I laugh. “No, I really don’t think you can.” I lift up the sleeve of my shirt to show her a thick ridge of scar running along my left bicep. “I got this at a death metal show. It was…shit, I can’t even remember who was playing. I was a little…blasted, I guess. Some local band at a dive bar in the back end of Denver. I shouldn’t have even been allowed in, ’cause I wasn’t even seventeen yet, but security was a little…lax. Anyway, this guy in the pit had spiked bracelets on his wrists, the spikes were wicked sharp and two inches long, and he was flailing around, kicking, thrashing. He must’ve slashed a dozen people to ribbons, and the band was egging him on. The harder he thrashed, the harder they played. The bouncers had to finally throw him out because he was getting little too psycho even for a death metal show. Well, I got too close, and he caught me on the arm. The spike actually got caught, and I had to kick him away from me to get it loose. It was insane. My mom was so pissed. I needed like, thirteen stitches, and we really didn’t have the money. She was late on rent because of my ass.”
Kylie is justly horrified. “That’s…awful.” She shakes her head. “I didn’t mind the other stuff you played, the first couple of songs. But that’s not really my cup of tea.”
“I didn’t think it would be. I wasn’t trying to tell you what to do, or anything. I just really didn’t think you’d like it.” I pause to formulate a thought. “But then, it’s not really music you’re supposed to like. It’s music you feel. Experience.”
Kylie nods. “Yeah, I can see that. But anyway, about this open mic night.”

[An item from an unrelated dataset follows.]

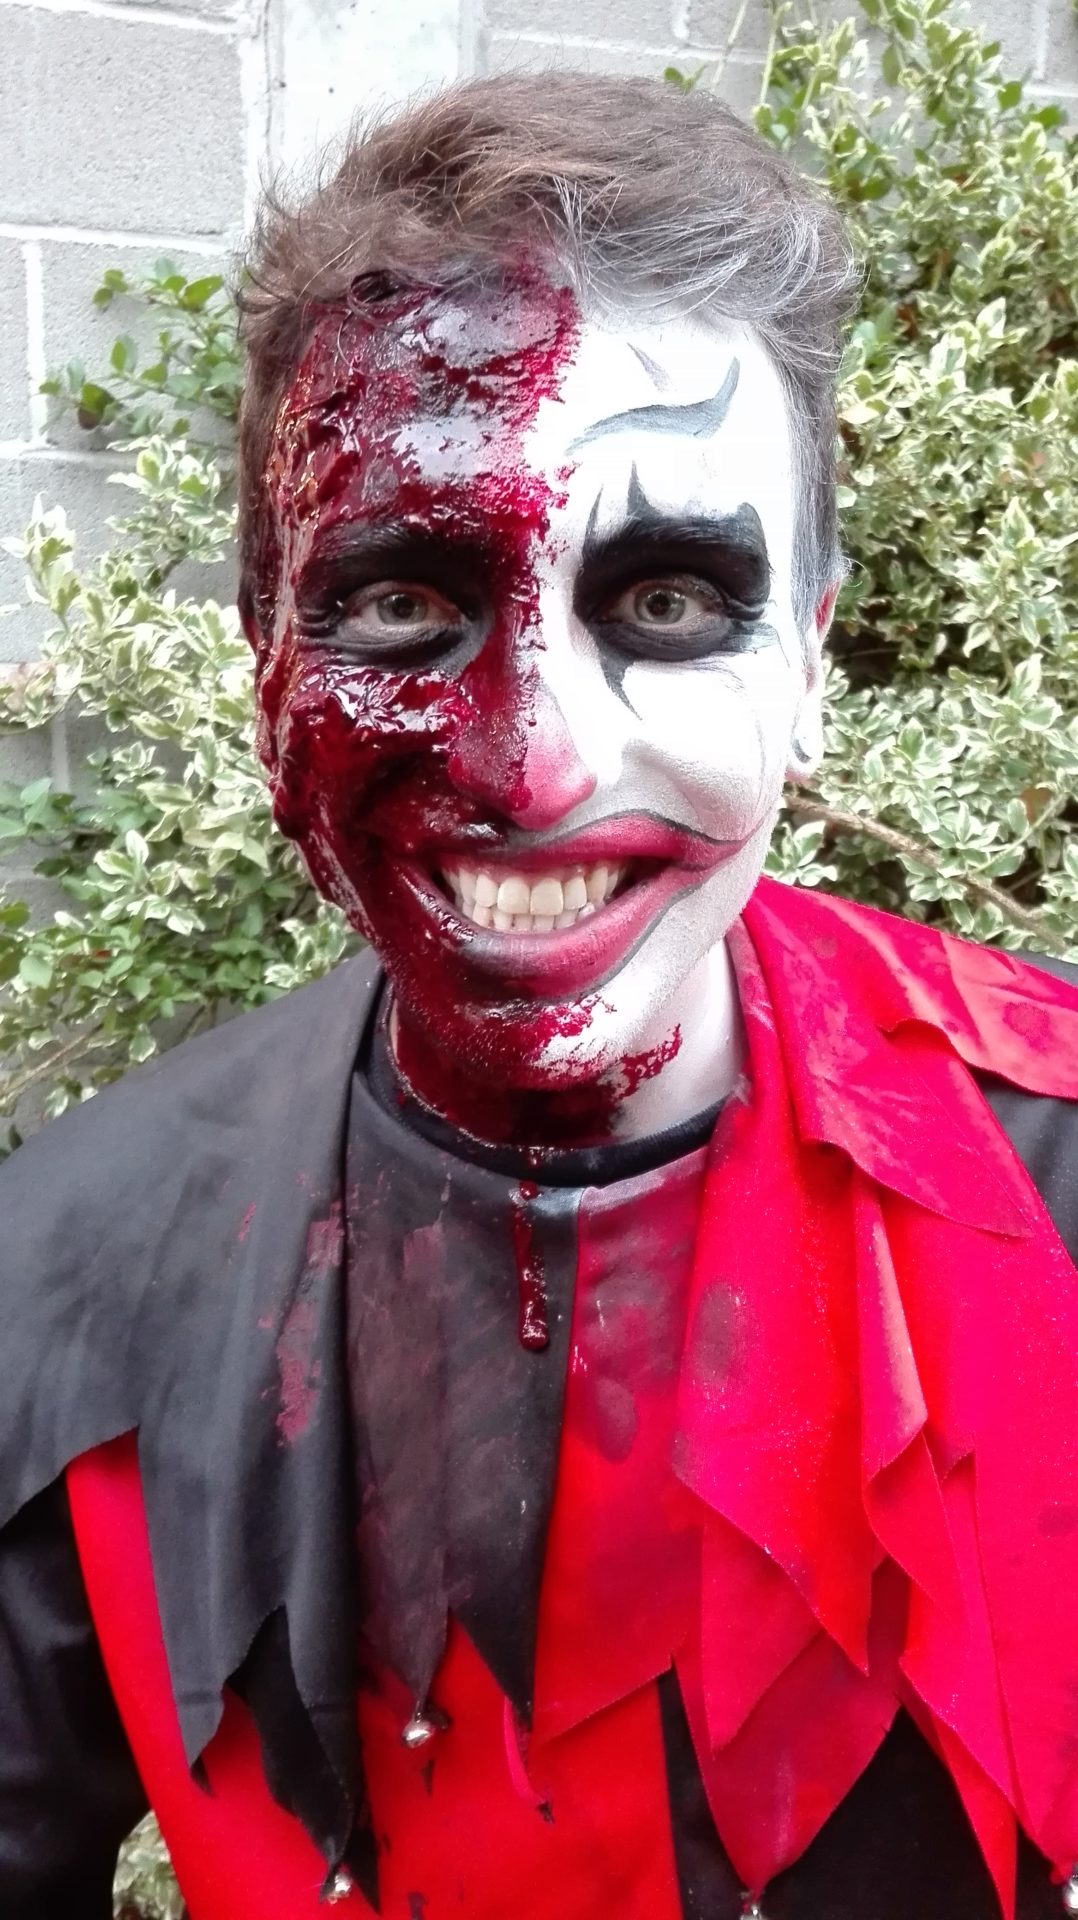 Maquillage de clown pour Halloween réalisé au fard à l'eau et au latex

I sigh. “Really, Kylie? You still want me for that?” I frown. “I’m really not sure I can even play like that. I’ve never even touched an acoustic guitar. I can’t read sheet music or anything like that. I play by ear.”
“Just try? Please?”
I really don’t want to. Really, really don’t. I mean, it’s not that I give a flying f**k what people think about me. But then…that’s bullshit, because everyone cares what their peers think of them. If you don’t care, I mean, really don’t care, not even deep down where you don’t dare look, then there’s something truly psychologically wrong with you. Either you’re trying to get their approval and trying to fit in and be cool, or you’re just one of the crowd, or you’re like me, on the outside acting hard and aloof, when inside you wish you knew how to be like them. You don’t fit in, and you never will.
Could I do this open mic night? Yeah, probably. I mean, if I can teach myself to shred via YouTube videos and library books and hours of practice, I can probably learn to play some simple acoustic chords, right?
I groan. “Fine. I’ll try. But I make no promises.”
She does the squeal-and-clap-her-hands thing, and then flings herself across the room to hug me. I’m stiff, frozen. No one hugs me. Mom doesn’t hug me. Overnight hook-ups don’t hug me. I don’t know what to do with a hug. Her arms are around my neck, her body pressed up against mine. Her face is against my chest, and she’s up on her toes to reach, ’cause I’m tall and she’s maybe five-six. She doesn’t let go, but she sinks down on her feet, leans back to look at me, her hands on my shoulders, her eyes accusing.